Stock market returns last year as measured by the S&P 500 were a remarkable 31.5%. Gains this large are tempting. But return percentages can be misleading for several important reasons: Returns don’t necessarily correlate with improving wealth, returns come at a cost, and whole portfolio returns are generally lower than the reported market returns for very good reasons.
A common mistake investors make is to assume that higher returns generate greater wealth. This assumption is correct when a single investment is made at a point in time and left completely alone for a period of time. But most people either add to or spend from their portfolios and the timing of those additions or withdrawals relative to stock market swings can have significant impact on their wealth.
Take a look at this simple two-year scenario where returns of 12% and -6% are swapped. The average return in both cases is 3%, but when the client spends $1,000 from each portfolio, the resulting wealth is impacted unevenly. Spending $1,000 from a portfolio that just experienced a 12% gain results in $188 more in wealth than from a portfolio that just declined 6%.
The reverse is true when adding $1,000. Even though the returns are the same for both scenarios, wealth is unevenly impacted. Timing of cash flows matters, a lot. It’s why we continually test our client’s plans for adequate statistical confidence against thousands of timing variations.

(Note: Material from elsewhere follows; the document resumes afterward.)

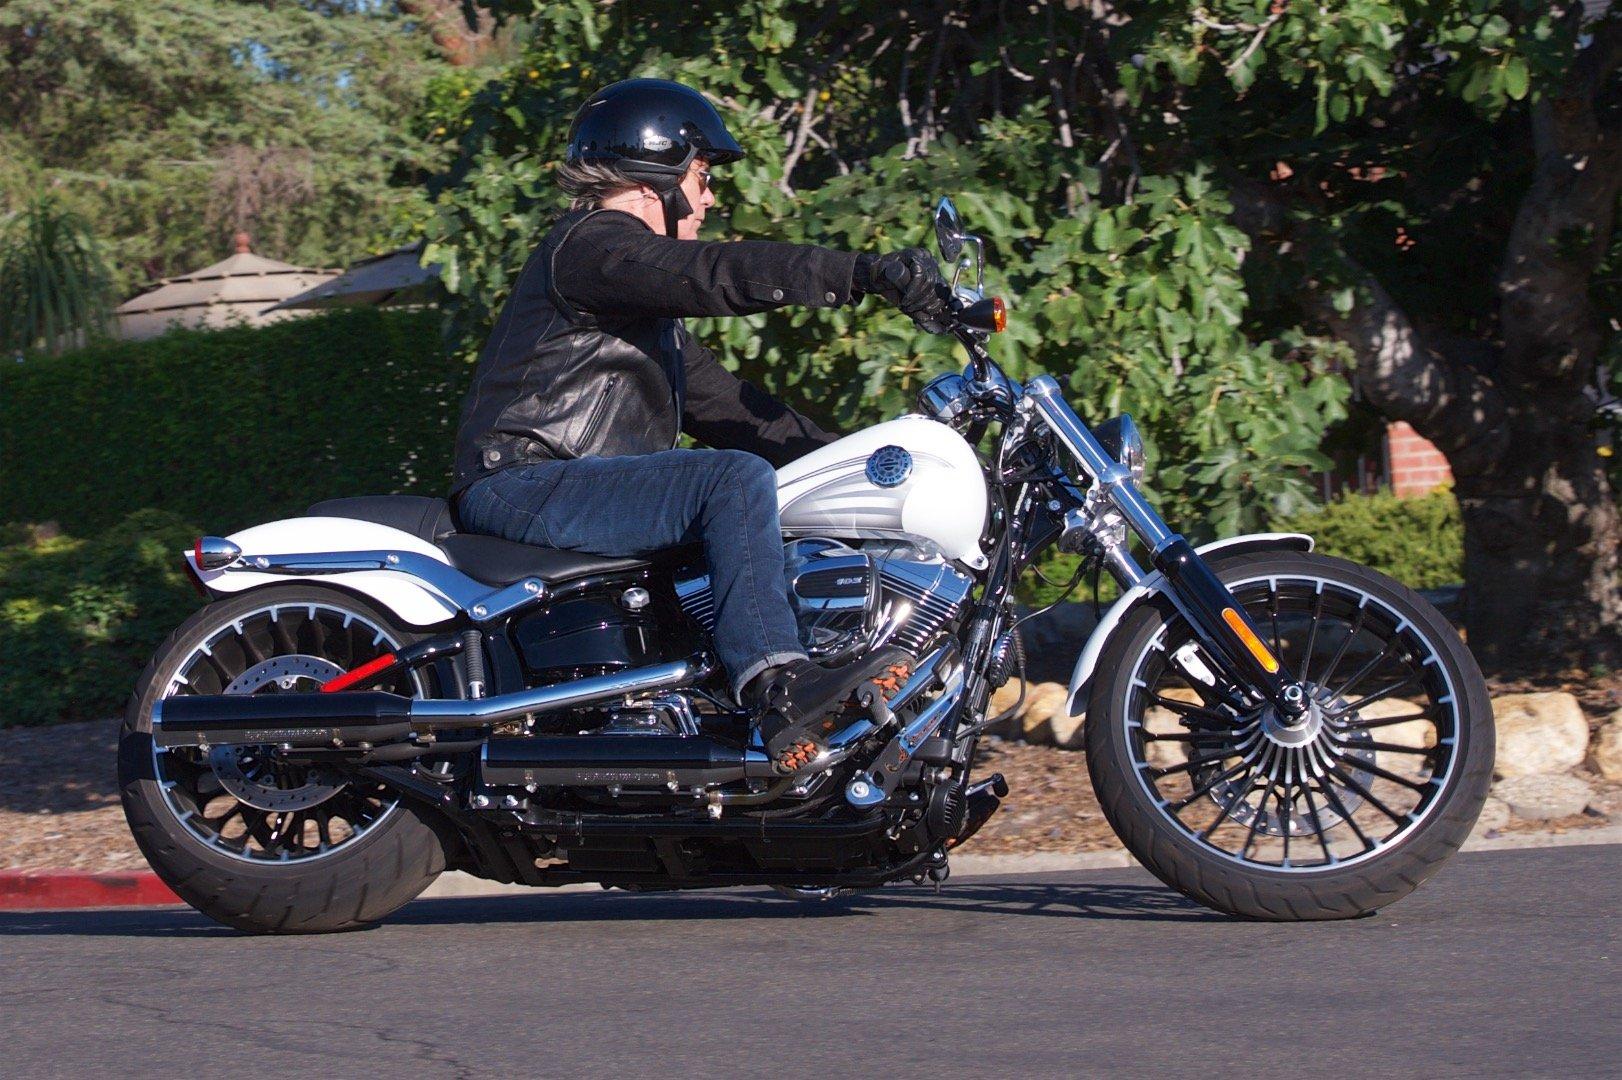 Harley Softail Breakout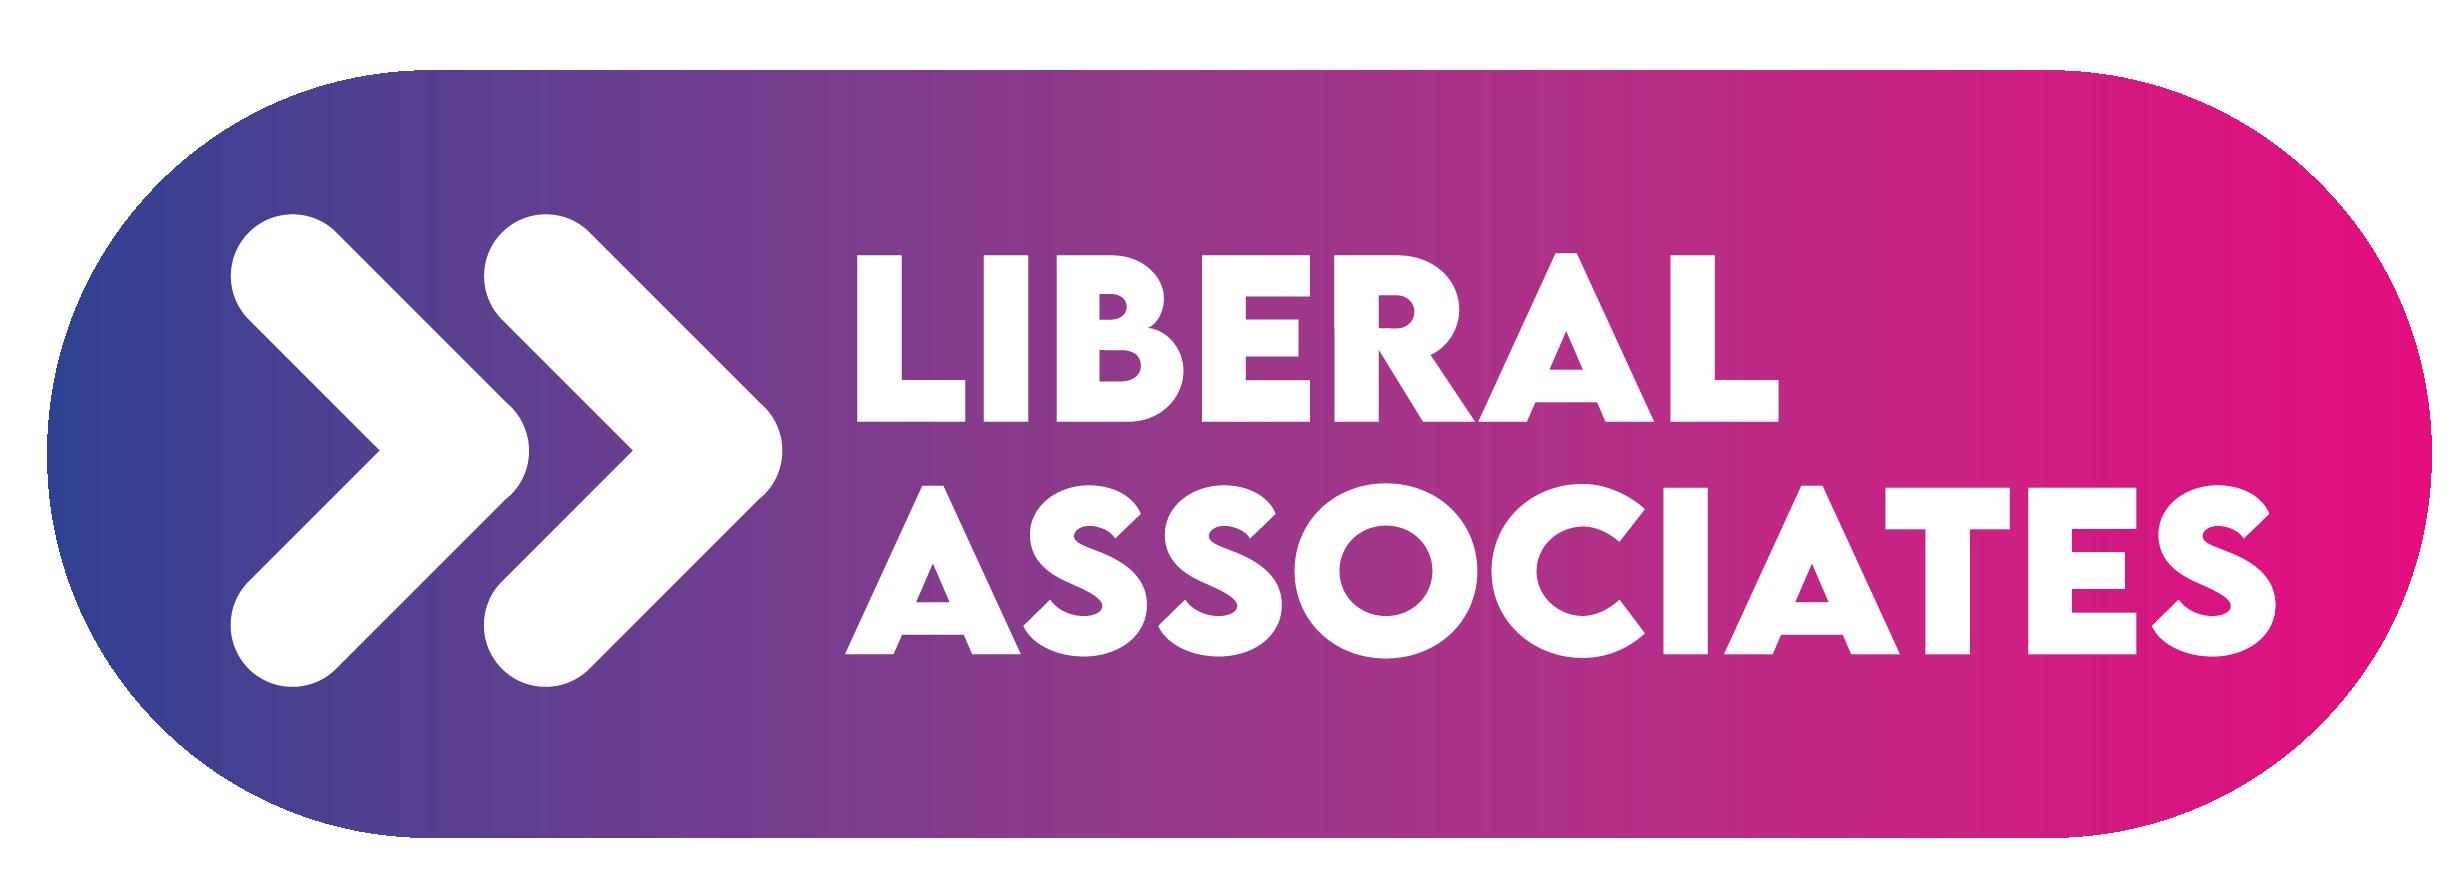 Liberal Associates Logo

Consider the following example in which we ran a hypothetical client lifetime plan invested in 60% stocks and 40% cash & bonds through three historical 38-year (planning lifetime) periods:
- Lifetime actual market return 8.5% (1954-1994): Broke at 87!
- Lifetime actual market return 9.8% (1960-1998): Broke at 90!
- Lifetime actual market return 7.5% (1940-1978): $2.5 Mil Estate
A focus on returns alone fails to address the single most important risk a life-long plan faces – the timing of market returns. Timing has a greater impact on the confidence of a life-long plan than does the amount of return. That’s why we spend so much time testing our clients’ plans for statistical confidence that they will meet or exceed their goals.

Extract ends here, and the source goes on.